Obstructive sleep apnea syndrome (OSAS) is a highly prevalent, but underdiagnosed disorder. Recurrent collapse of the upper airway during sleep causes repetitive episodes of intermittent hypoxia, and recurrent arousals from sleep, leading to daytime sleepiness, poor quality of life, and increased risk of road traffic accidents, cardiovascular morbidity and mortality, and metabolic dysfunction.
OSAS is approximately twice as common in males. Up to 40% of the variability in sleep breathing can be accounted for by heritable factors. However, a discrete genetic basis is unlikely in the majority of cases.
Obesity is the major reversible risk factor for the development of OSAS. Factors such as alcohol use and sedative medications may contribute to disease severity.
Simple snoring, obesity hypoventilation syndrome, periodic limb movements of sleep, narcolepsy, shift work sleep disorder, congenital central hypoventilation syndrome (Ondine’s curse).
Diagnostic Criteria and Clinical Characteristics
A diagnosis of OSAS is based on the finding of significant respiratory disturbance due to collapse of the upper airway during sleep in the setting of compatible daytime symptomatology. The gold standard for diagnosis of OSAS is the performance of inpatient nocturnal polysomnography (PSG), which provides detailed information on respiration, sleep staging and quality, and a range of other variables including heart rate and rhythm. Sleep-disordered breathing is defined as an apnea-hypopnea index (AHI) of greater than five events per hour as measured by PSG, and can be further classified as mild (AHI 5-15 events per hour), moderate (AHI 15-30 events per hour), or severe (AHI >30 events per hour). Unfortunately, PSG is both resource intensive and time consuming for the patient, and a growing research interest lies in the development and validation of technologies facilitating the ambulatory investigation of subjects with suspected OSAS, but the utility of these methods requires confirmation in large-scale clinical outcome studies. A proposed diagnostic algorithm is presented in Fig. 119-1.

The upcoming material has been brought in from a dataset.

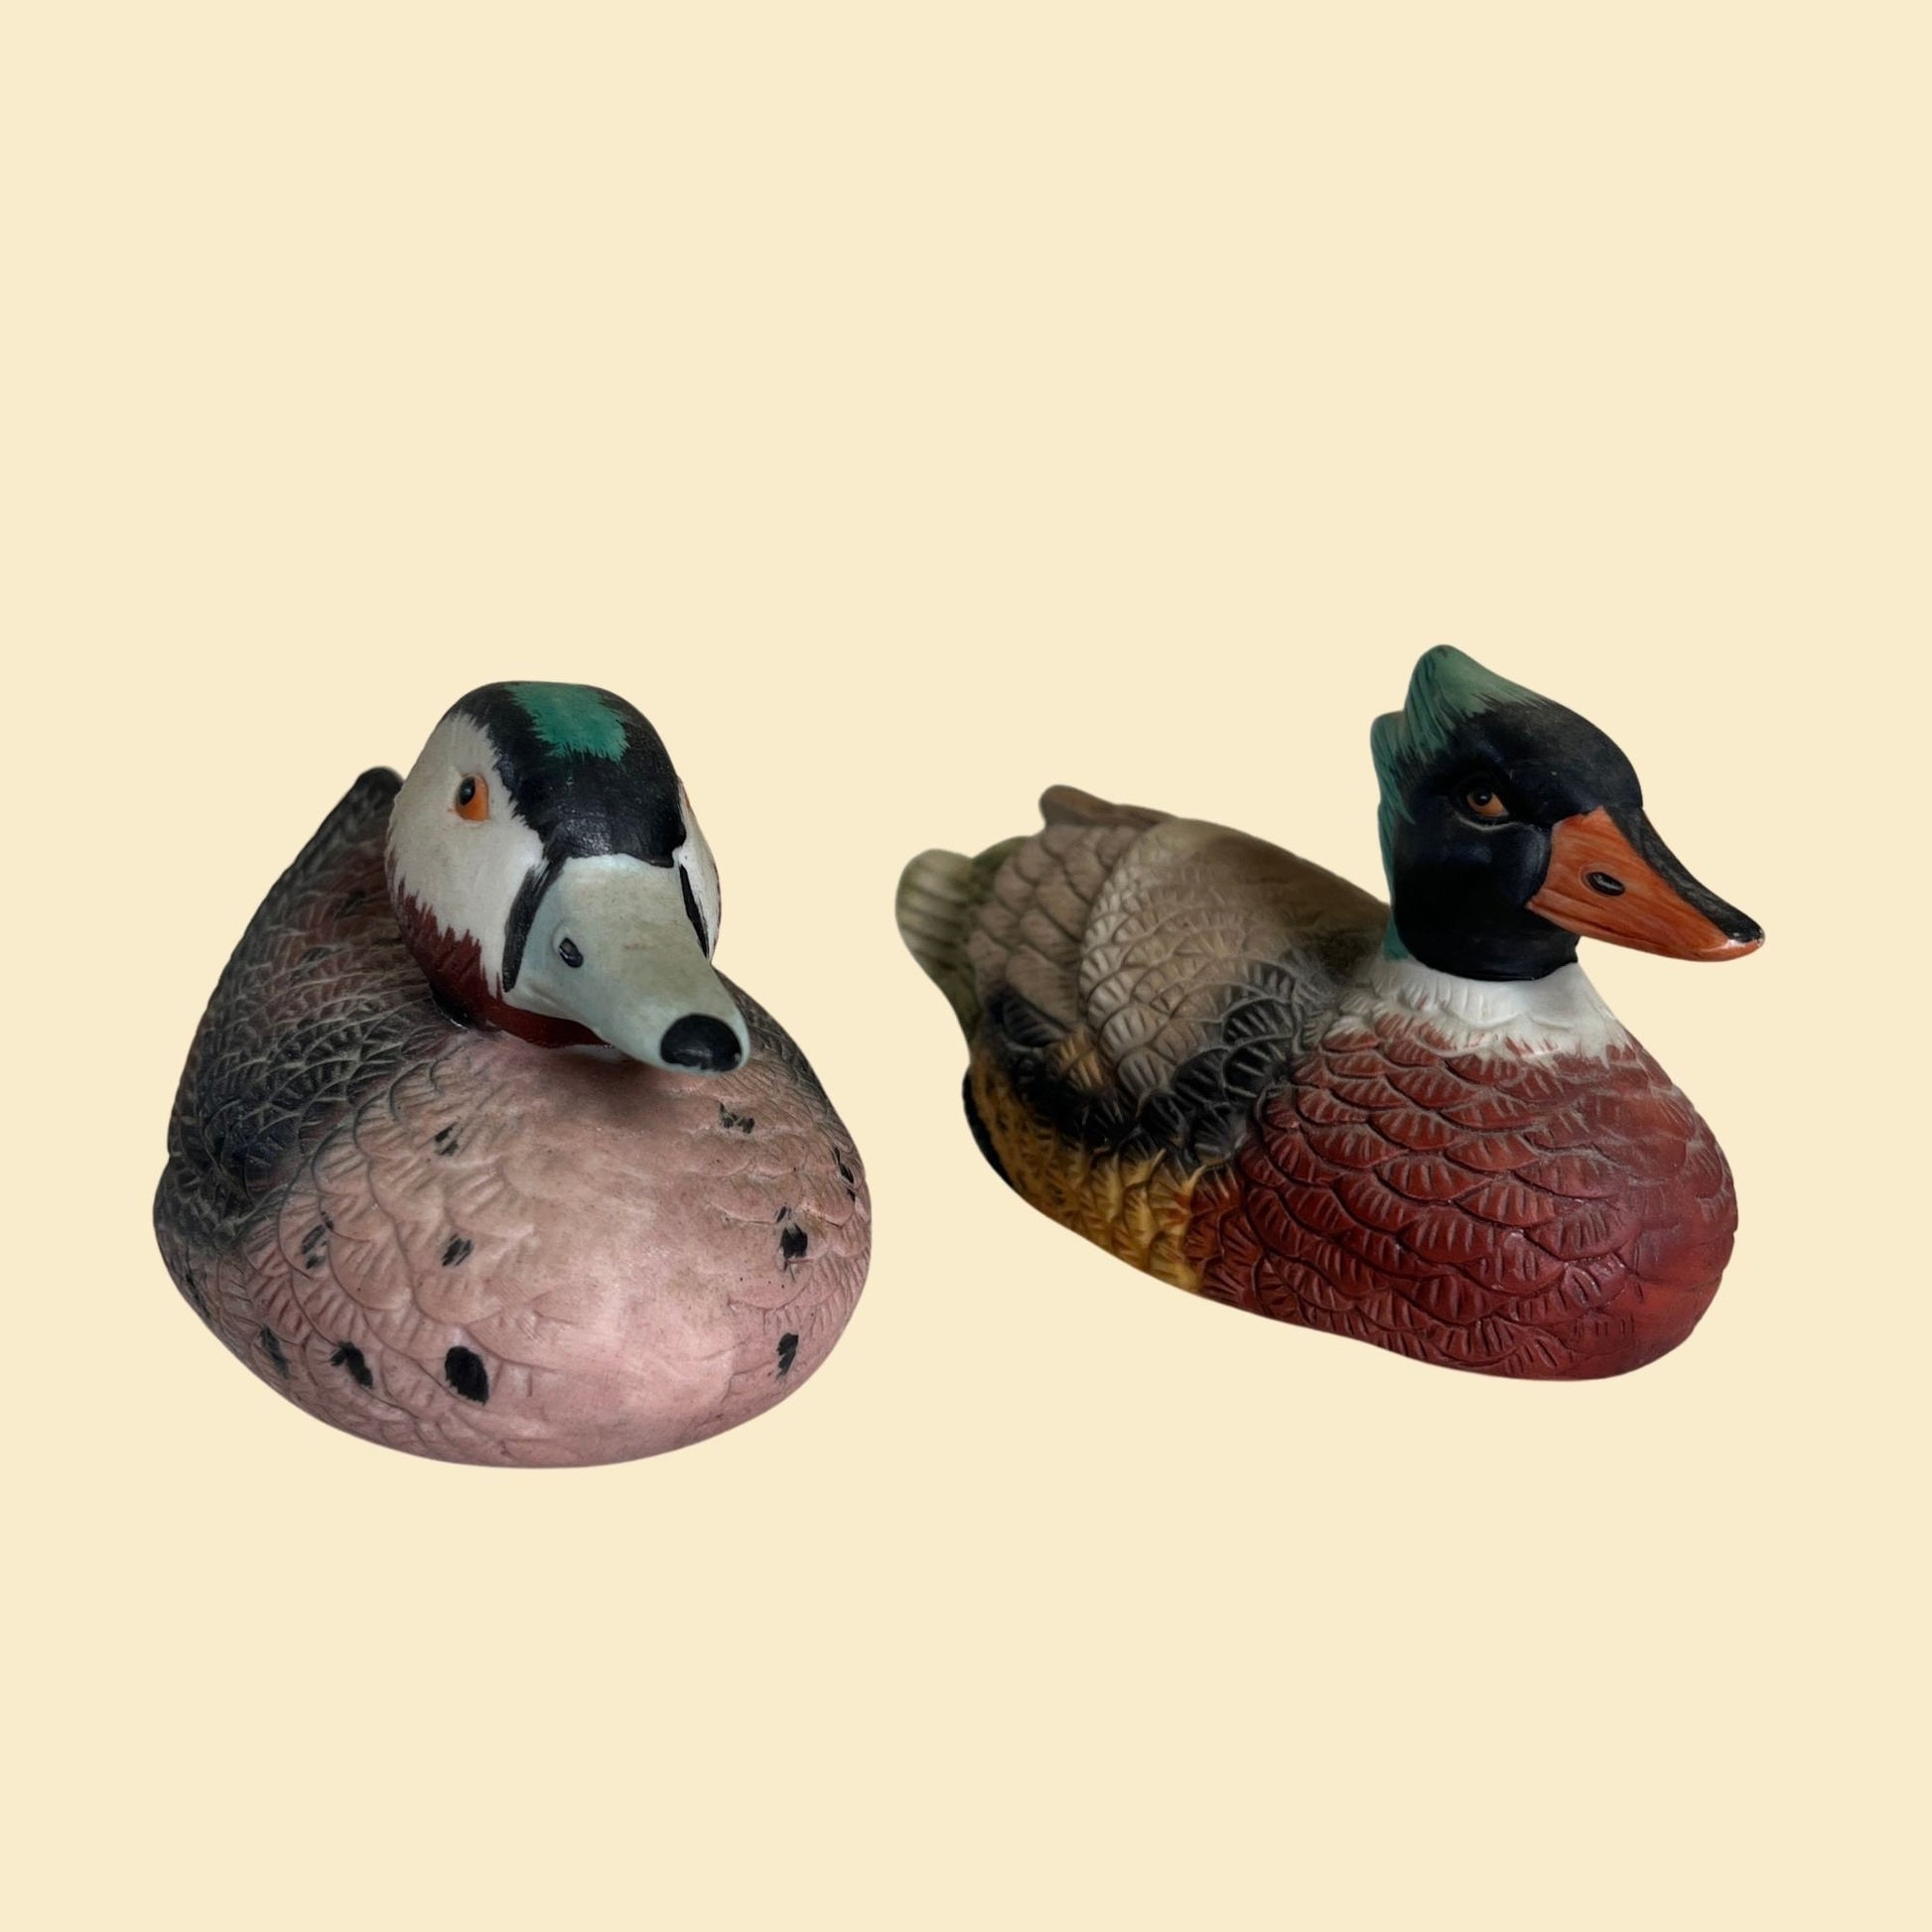 Vintage ceramic duck figurines, set of two 1980s painted duck statues

OSAS is a highly prevalent, but underdiagnosed disorder, affecting at least 4% of adult men and 2% of adult women in developed countries. OSAS is intimately and intrinsically linked with obesity, and its prevalence is likely to be increasing as the worldwide obesity epidemic develops. Patients may experience a wide variety of symptoms, ranging from snoring, nocturia, and witnessed apnea during sleep to impaired concentration, depression, and decreased libido. Excessive daytime sleepiness and fatigue are present in approximately 70% of cases. Untreated OSAS leads to reduced quality of life, impaired functional status, and reduced cognitive function. It is significantly associated with the risk of depressive illness, and markedly increases the risk of road traffic accidents.

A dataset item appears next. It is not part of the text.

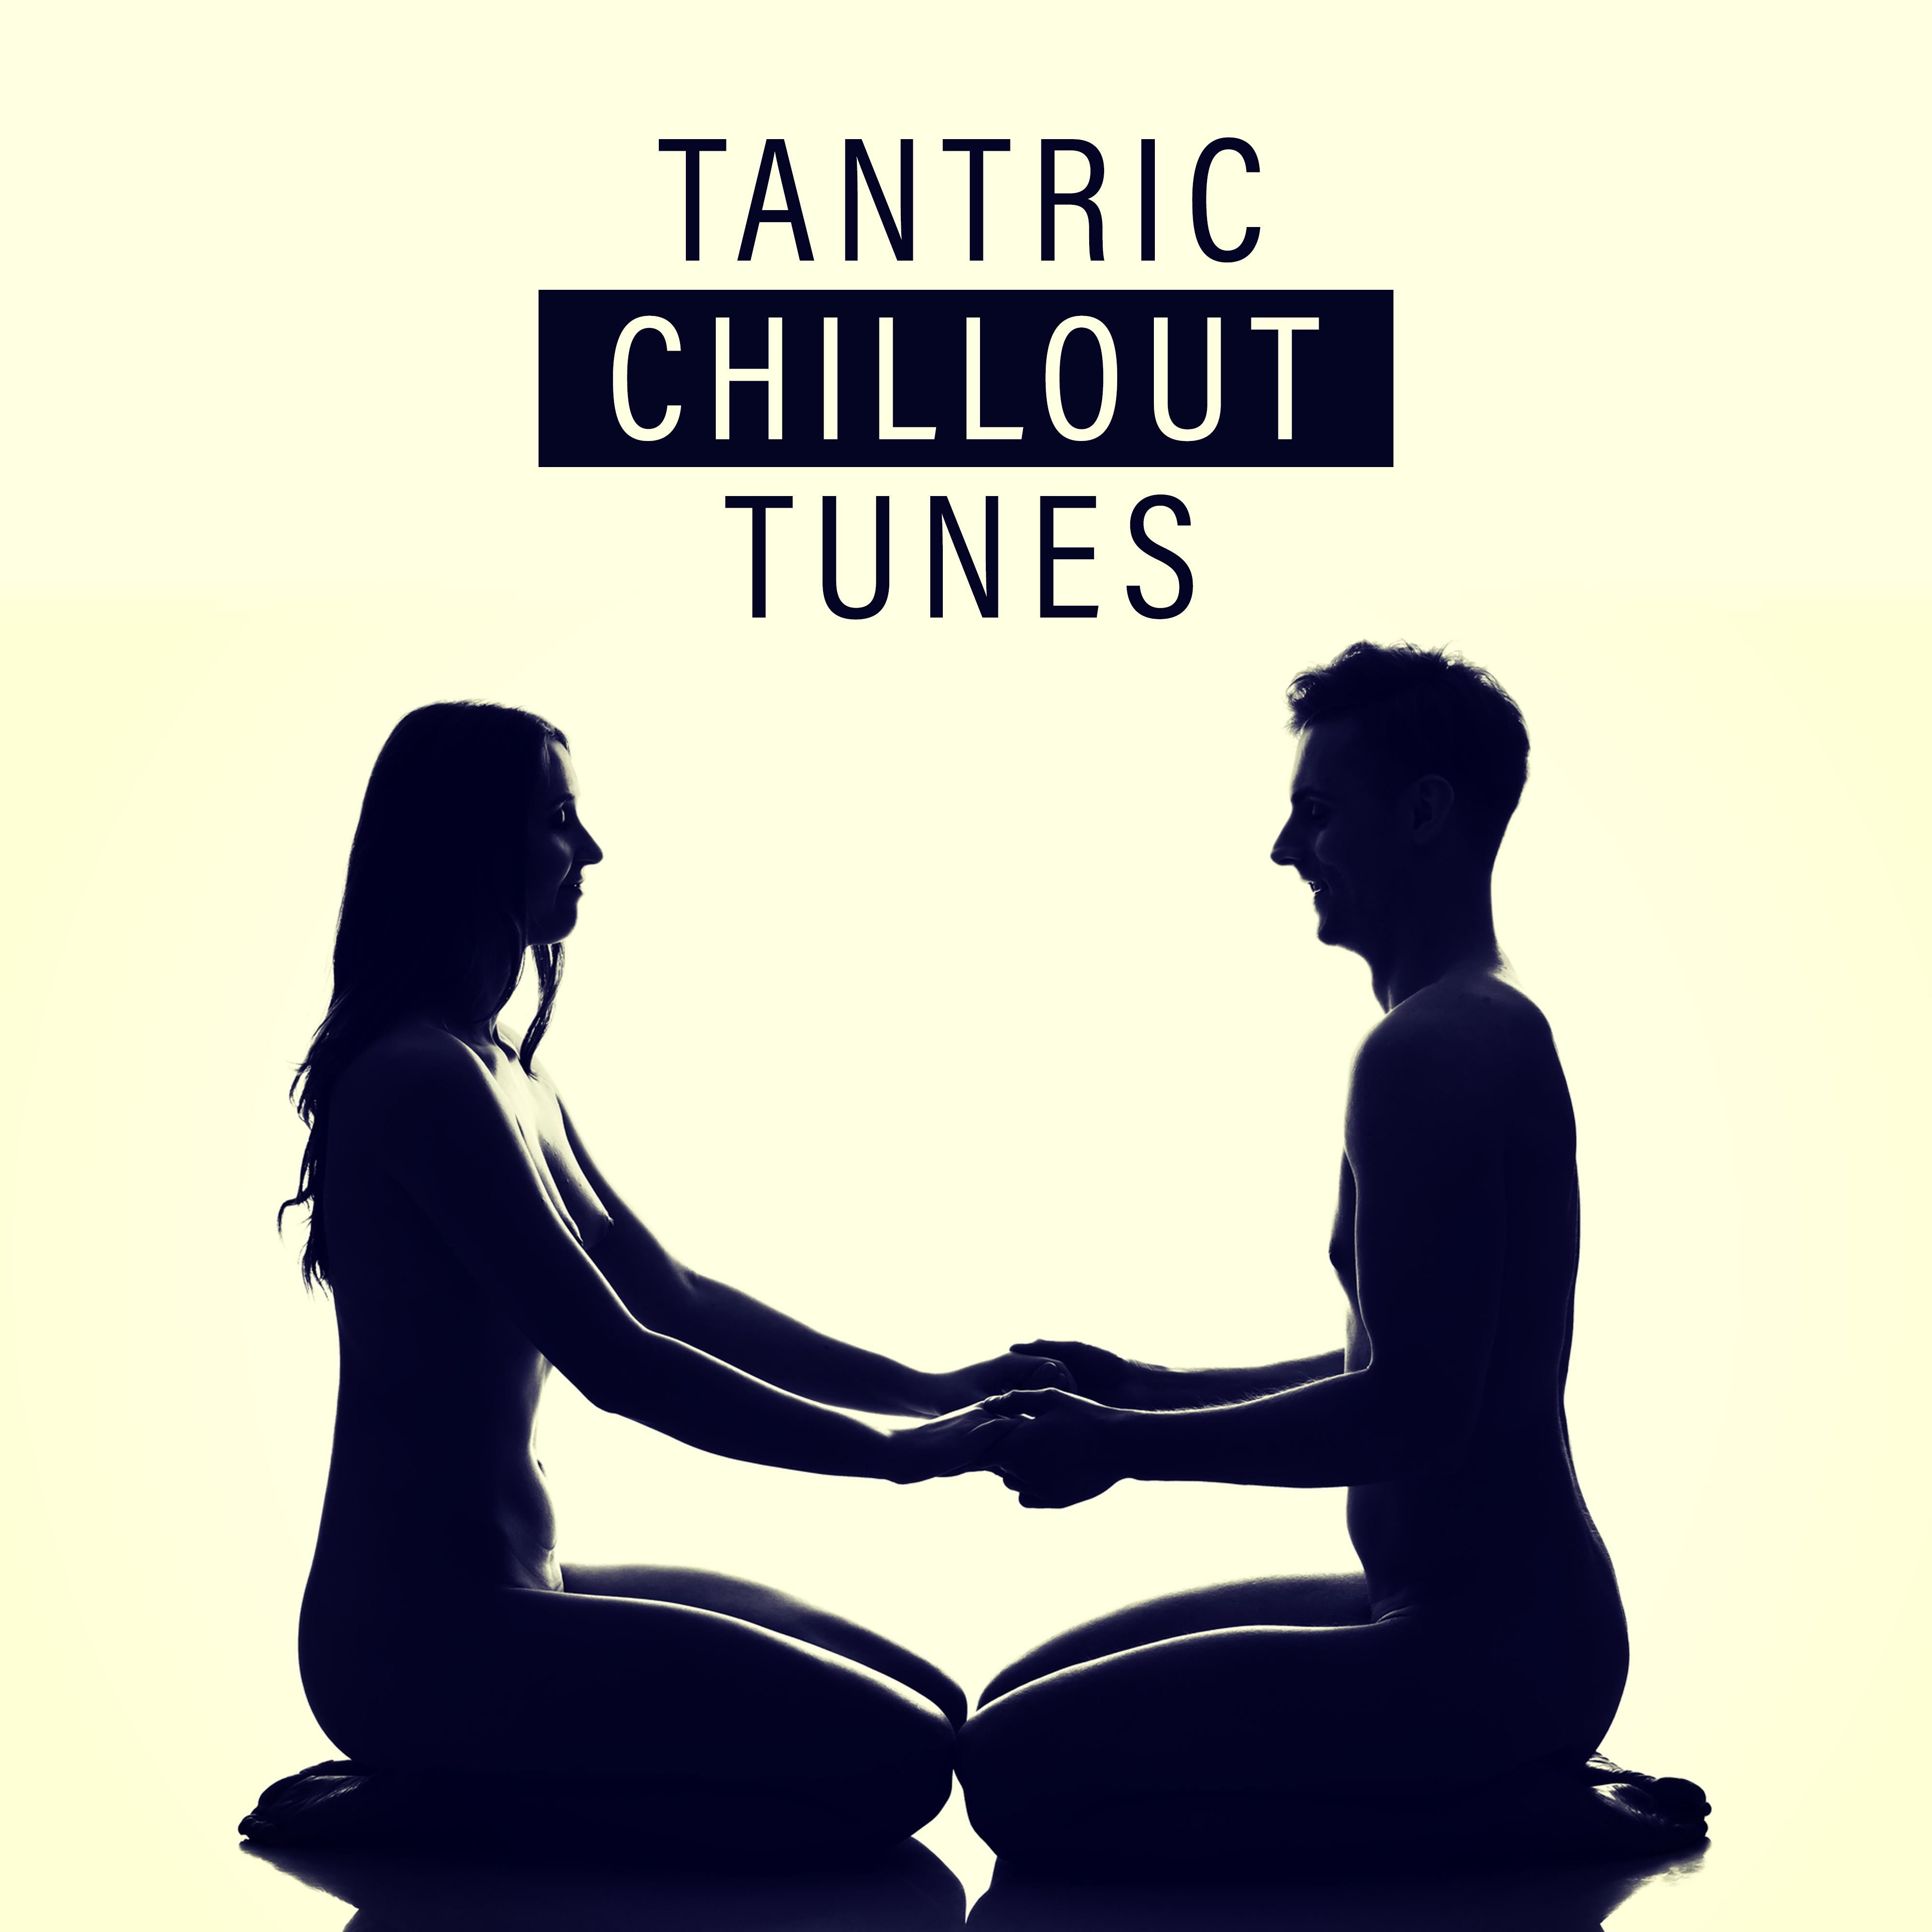 Tantric Chillout Tunes – Sensual Music for ***, Chillout 2019, Yoga Chill, Erotic Massage, Zen, Tantric ***, **** Vibes

However, the principal long-term adverse consequence of OSAS is cardiovascular disease, and a growing body of literature suggests untreated severe OSAS leads to significantly increased cardio- and cerebrovascular morbidity and mortality. Particularly strong evidence supports an independent role for OSAS in the genesis of hypertension, above and beyond the effect of traditional risk factors, while a number of studies indicate an independent association with ischemic heart disease, cardiac dysrhythmia, and stroke. Similarly, it appears increasingly likely that OSAS may contribute to the development of metabolic dysfunction, dyslipidemia, and overt diabetes mellitus. A number of contributory factors are thought to underlie cardiometabolic morbidity in OSAS, including the generation of systemic inflammation and oxidative stress by the intermittent hypoxia that characterizes the disorder, and sympathetic excitation accompanying airway obstruction.